А голуби такие — потому что нет тебя больше, всё. Мы живые, а ты — нет. Сам посмотри: ни тени, ни рук, ничего. Посмотрел. Ничего. Заплакал горько. Тут один голубь чуток приблизился и говорит: ты не плачь, в день рождения часто такая хуйня бывает. Завтра утром проснёшься — и всё пройдёт. Правда, говорю? Нет, говорит. И ушёл.
Бердяев
Я всю неделю читал Бердяева. Я по батюшке славянофил, так-то. Хомякова вот на той неделе… Но Бердяева глубже. Моя матушка полюбила его с младых ногтей. За изящество и «текстуальное лавинообразование». С женщинами такое случается. Бердяев вообще вербализатор невербализируемого. Особенно чутко я уловил одну его идею. Если коротко, то это идея о спонтанных психических реакциях, то есть спонтанности как таковой. Быть спонтанным в противовес заданности и мировому детерминизму. В 34-м училище меня не вполне научили понимать такие идеи, но слово «спонтанность» я понял. Всю неделю я твердил внутрь себя: будь неожиданным, будь спонтанным не специально, а нечаянно, позволь свободе отрастить руки, удивляй, удивляйся, твори внезапность, проявляй неискусственную естественность, выходи за границы опыта.

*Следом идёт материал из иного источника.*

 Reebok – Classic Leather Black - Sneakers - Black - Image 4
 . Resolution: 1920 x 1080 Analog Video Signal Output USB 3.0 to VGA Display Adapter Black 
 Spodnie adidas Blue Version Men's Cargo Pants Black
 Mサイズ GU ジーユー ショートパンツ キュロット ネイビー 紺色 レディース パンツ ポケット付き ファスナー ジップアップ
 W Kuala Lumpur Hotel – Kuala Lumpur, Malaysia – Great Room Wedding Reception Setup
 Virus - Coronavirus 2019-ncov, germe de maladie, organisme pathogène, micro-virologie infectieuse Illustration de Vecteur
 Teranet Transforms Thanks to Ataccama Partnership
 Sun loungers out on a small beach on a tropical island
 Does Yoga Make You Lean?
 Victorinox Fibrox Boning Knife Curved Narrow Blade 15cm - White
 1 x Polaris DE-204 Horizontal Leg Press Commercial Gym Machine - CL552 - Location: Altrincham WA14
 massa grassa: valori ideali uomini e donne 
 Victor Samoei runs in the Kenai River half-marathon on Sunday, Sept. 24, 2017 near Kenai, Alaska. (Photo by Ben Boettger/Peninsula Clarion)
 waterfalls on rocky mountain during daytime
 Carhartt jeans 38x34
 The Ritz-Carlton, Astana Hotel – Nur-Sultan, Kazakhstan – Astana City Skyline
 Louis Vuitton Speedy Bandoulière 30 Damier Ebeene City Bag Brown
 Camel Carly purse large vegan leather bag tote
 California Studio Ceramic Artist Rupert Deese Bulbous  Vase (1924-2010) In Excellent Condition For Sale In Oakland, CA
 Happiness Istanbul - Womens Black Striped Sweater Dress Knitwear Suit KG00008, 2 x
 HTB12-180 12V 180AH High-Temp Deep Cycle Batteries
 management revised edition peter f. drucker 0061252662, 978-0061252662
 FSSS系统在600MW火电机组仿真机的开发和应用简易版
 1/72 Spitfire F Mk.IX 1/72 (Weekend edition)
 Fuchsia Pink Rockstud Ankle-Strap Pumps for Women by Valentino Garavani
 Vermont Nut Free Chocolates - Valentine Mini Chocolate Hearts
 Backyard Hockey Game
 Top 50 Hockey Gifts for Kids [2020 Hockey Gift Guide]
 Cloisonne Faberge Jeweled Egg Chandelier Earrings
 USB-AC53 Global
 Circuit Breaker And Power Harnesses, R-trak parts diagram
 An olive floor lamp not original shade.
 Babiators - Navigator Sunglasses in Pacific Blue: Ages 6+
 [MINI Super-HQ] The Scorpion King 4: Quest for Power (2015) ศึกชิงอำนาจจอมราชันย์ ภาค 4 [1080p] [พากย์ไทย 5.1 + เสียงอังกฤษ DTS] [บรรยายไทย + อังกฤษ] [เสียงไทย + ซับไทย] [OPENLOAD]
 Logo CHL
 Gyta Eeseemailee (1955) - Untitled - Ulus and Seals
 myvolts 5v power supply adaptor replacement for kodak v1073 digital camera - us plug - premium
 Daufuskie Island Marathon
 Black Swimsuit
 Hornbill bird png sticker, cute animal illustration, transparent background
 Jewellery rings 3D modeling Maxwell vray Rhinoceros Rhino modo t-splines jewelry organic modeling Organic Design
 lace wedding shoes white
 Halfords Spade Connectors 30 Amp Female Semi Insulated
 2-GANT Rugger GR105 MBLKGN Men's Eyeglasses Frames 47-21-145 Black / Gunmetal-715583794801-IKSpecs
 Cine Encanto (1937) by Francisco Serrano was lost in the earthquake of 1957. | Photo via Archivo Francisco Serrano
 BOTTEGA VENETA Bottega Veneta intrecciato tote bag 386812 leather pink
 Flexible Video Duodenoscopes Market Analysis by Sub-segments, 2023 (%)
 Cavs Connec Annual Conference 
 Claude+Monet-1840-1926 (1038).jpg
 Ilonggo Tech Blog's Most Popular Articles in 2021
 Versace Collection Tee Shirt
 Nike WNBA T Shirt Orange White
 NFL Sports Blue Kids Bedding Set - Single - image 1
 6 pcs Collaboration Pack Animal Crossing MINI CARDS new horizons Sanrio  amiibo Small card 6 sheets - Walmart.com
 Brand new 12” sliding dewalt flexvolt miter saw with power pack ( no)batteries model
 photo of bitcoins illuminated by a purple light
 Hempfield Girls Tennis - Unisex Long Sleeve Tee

Вчера вышел. Смотрю, а у входа в продуктовый «сапог» стоит. Кузов открыт. В кузове мешки с картошкой — сетки по тридцать килограммов. И никого. А я ведь всю неделю думал про спонтанность. Готовился к ней изо всех сил. Совершенно извёлся по поводу заданности своих психических реакций. Аппетит стал терять на третьей перемене блюд. Короче, схватил я мешок с картошкой и побежал. Куда побежал, зачем побежал — Бердяев знает. Бегу и прямо чувствую, как трещит по швам мировой детерминизм. На самом деле это сетка трещала. Дырявая попалась. Я не столько бежал с картошкой, сколько сеял её в асфальт.
Вдруг крики сзади. Обернулся. Погоня. Двое среднеазиатов сели на хвост. Бросил картошку (вот это у меня уже спонтанно получилось), припустил во всю прыть. А среднеазиты всё равно бегут. Забежал в подъезд. Постучал в первую попавшуюся дверь. Девушка лет тридцати открыла. В халате. Без кольца. Утомлённая жизнью. Пустите, говорю, я читал Бердяева близко к сердцу и теперь за мной погоня! Впустила. Зачем, почему — Бердяев знает. Через два часа ушёл. Если, говорю, сын будет — Колей назови. Хоть в Кламар уезжай, честное слово.
А на обратном пути я вот о чём подумал. Почему водку и сигареты продают по паспорту, а Бердяева просто так? Не разумнее ли продавать его и по паспорту, и по диплому о высшем образовании, чтобы Николай Александрович не творил в неподготовленных умах деятельную смуту? Да и других философов надо бы продавать с осторожностью. И не только философов. Почему тело можно кочевряжить с восемнадцати, а увлекаться философией — в любом возрасте? От среднеазиатов я ведь мог бы и не уйти.